永磁同步馬達於低速與零速的無角度感測器位置估測通常仰賴馬達凸極轉子的角度資訊，為了激發並以可行信噪比量測馬達本身的凸極角度，使用電壓源變頻器進行高頻電壓注入已成為利用永磁馬達凸極性進行角度估測的關鍵。 本論文透過一系列方法改善內藏式永磁馬達凸極性角度、估測，其中包含注入訊號的選擇、脈寬調變直接電壓注入方法、與量測電壓向量合成注入。首先為了釐清使用弦波電壓與方波電壓注入進行角度估測的效能差距，兩者的角度解調變與對系統非線性之關係皆透過理論與實驗評估，同時，本論文提供針對同開關切換頻率下之不同注入訊號比較，可供讀者適當地選擇注入訊號。 接著考量到以切換頻率進行電壓注入時，馬達三相電流需在一次脈寬調變週期中進行多次採樣來估測角度，此採樣需求會導致切換頻率電壓注入無法在使用檢流電阻進行電流量測的驅動器上以空間向量脈寬調變實現。為了解決此問題，本論文提出新型脈寬調變法進行高頻電壓注入，透過此方法可在一次脈寬調變週期中進行至少兩次的瞬間相電流量測，進而於檢流電阻架構驅動器上實現切換頻率電壓注入。 使用對稱式脈寬調變方法進行切換頻率電壓注入會影響其馬達電壓波型，為了實現凸極性角度估測，透過修改脈寬調變波形進行電壓注入便成為估測頻寬與穩態估測誤差之間的平衡選擇。本論文透過量測電壓向量進行高頻注入，提出量測向量與不連續脈寬調變整合之新型脈寬調變電壓注入方法，藉由此方法可使馬達在維持對稱式脈寬調變驅動的同時亦維持高頻電壓的注入。提出之方法改善了凸極性無感測器驅動的電壓諧波、電流諧波以及角度估測誤差，因此提出之方法可以達到相較於現行方法更高的速度估測頻寬。實驗證實此調變方法適用於內藏式永磁馬達之無位置感測驅動，並具有對檢流電阻電流量測驅動器的相容性。

Self-sensing saliency-based position estimation of permanent magnet (PM) synchronous machine at zero and low speed generally depends on the spatial information in machine saliency. To excite the machine saliency with voltage source inverter with feasible signal-to-noise ratio, the injection of high-frequency (HF) voltage is essential for PM machine position estimation.

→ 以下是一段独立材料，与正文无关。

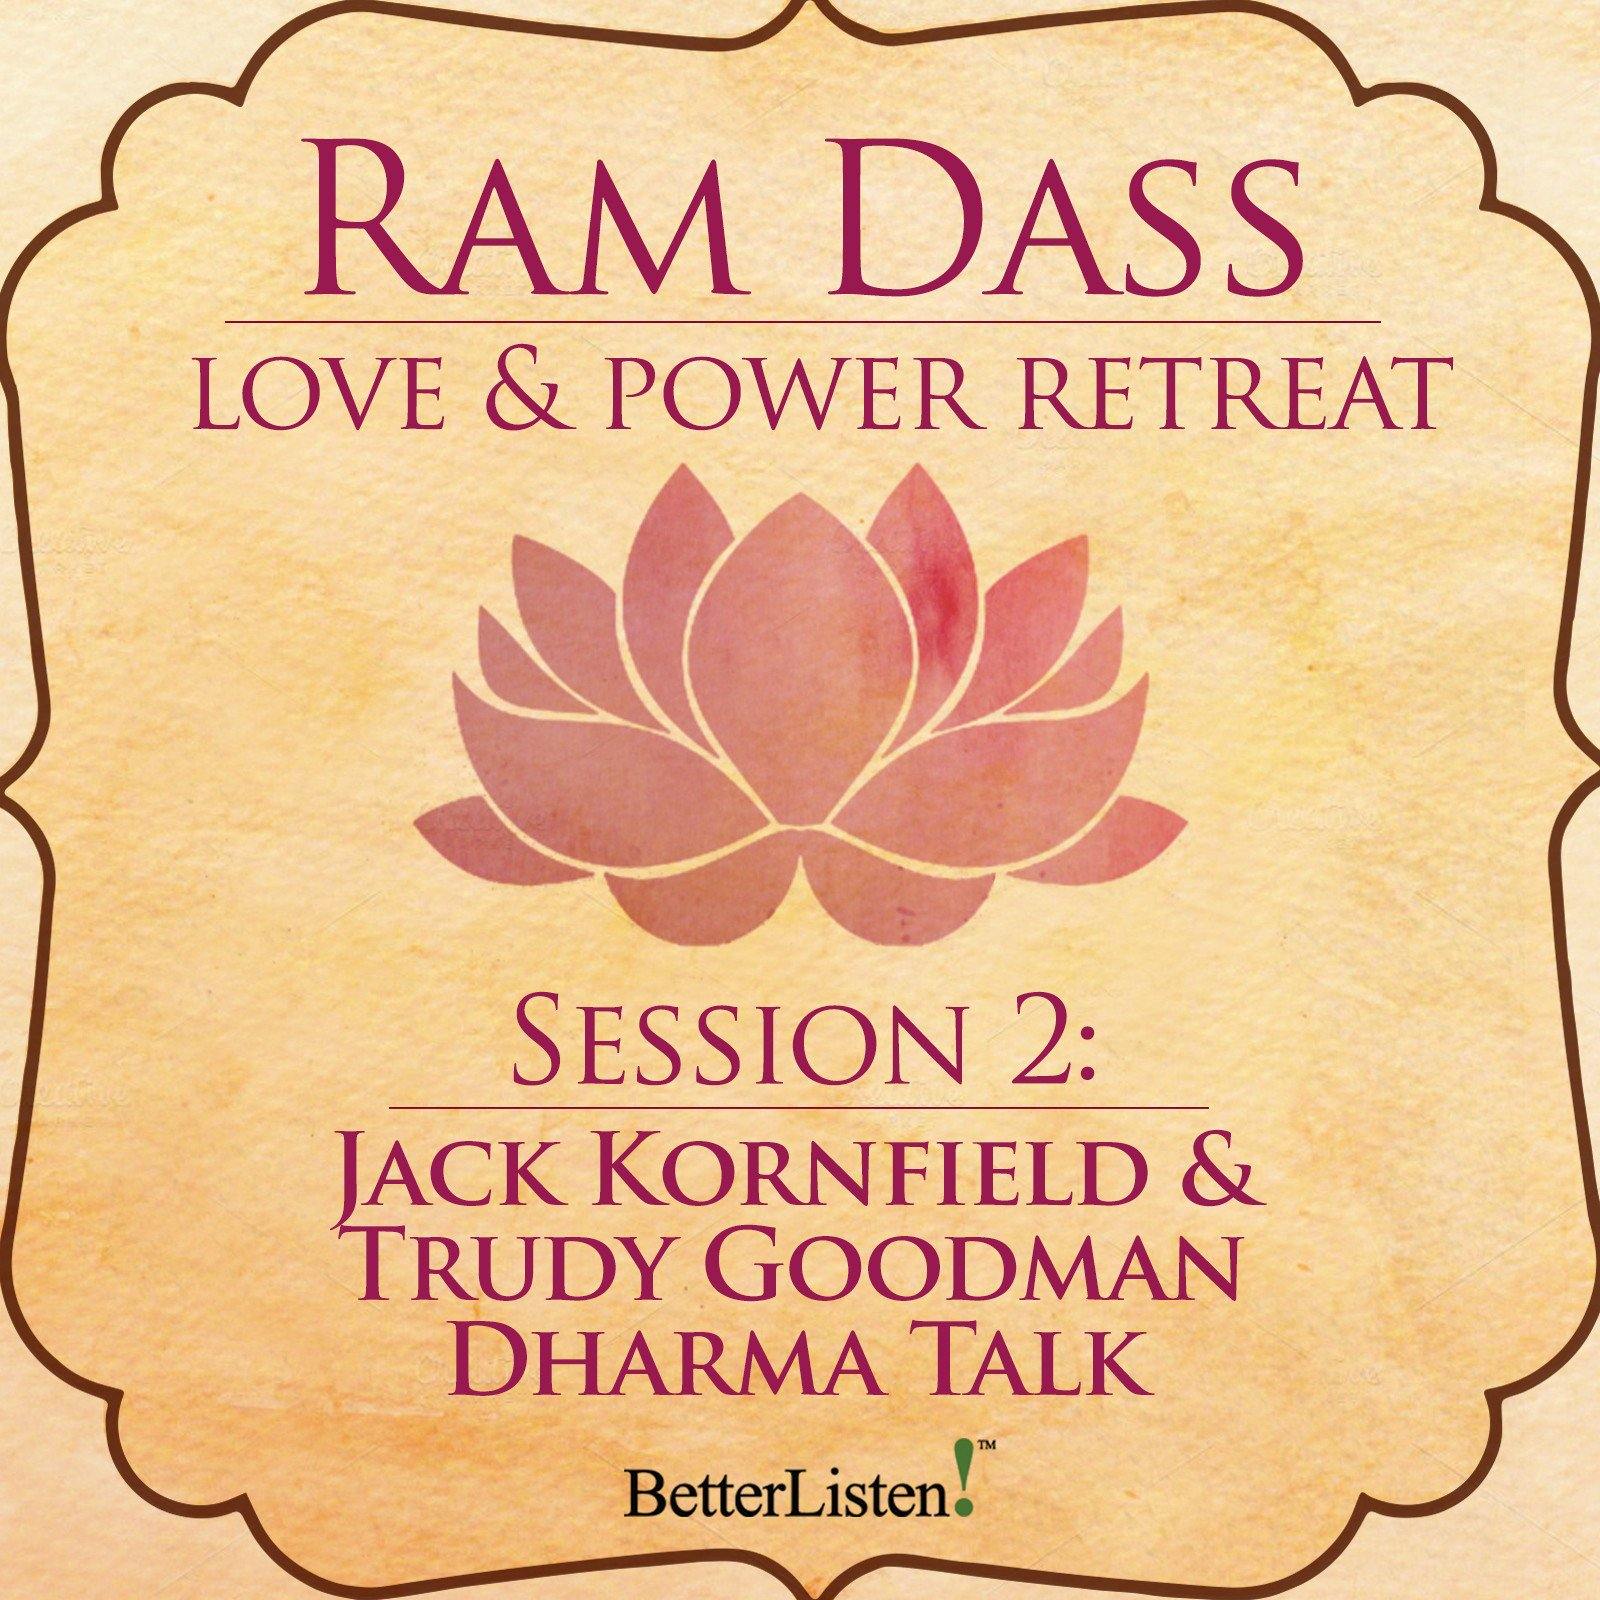 Jack Kornfield & Trudy Goodman Dharma Talk from the Love and Power Retreat Audio Program Ram Dass LSR - BetterListen!

This dissertation improves the saliency-based position estimation on interior PM (IPM) machines. They include the selection of injection voltages, directly pulse-width modulation (PWM) voltage injection, and the measurement vector insertion (MVI) integration. To clarify the performance difference between sinusoidal and square voltage injection, the position demodulation process and system nonlinearities are both theoretically evaluated. Meanwhile, the comparison between sinusoidal and square voltage injection under a specific switching-frequency is also provided for selecting proper injection signal. Considering the switching frequency injection, multiple phase currents should be sampled per PWM cycle instead of single average current. It leads to the implementation issue on the space-vector PWM (SVPWM) inverter using shunt resistor current sensing for machine control. A modified PWM injection instead of SVPWM injection is proposed for the saliency-based drive using shunt-based current sensing. It is concluded that at least two transient currents can be sampled per PWM cycle based on the proposed PWM voltage injection. The switching frequency voltage injection distorts the symmetric PWM voltage pattern. For these saliency-based drives, the PWM injection estimation is the tradeoff between transient estimation bandwidth and steady state estimation error. Under this effect, a modified PWM voltage injection is proposed through the MVI for position estimation. By integrating the MVI with discontinuous PWM (DPWM), the injection maintains the symmetric PWM voltage for machine control. This MVI based PWM (MVIPWM) improves the saliency-based drive among voltage harmonics, current harmonics and position estimation error. As the result, proposed MVIPWM shows higher speed estimation bandwidth than state-of-the-art injection with SVPWM and DPWM. This dissertation concludes that the MVIPWM injection is best suited for interior PM machine saliency- based drive. This MVIPWM injection is also compatible with shunt-based inverters at low cost.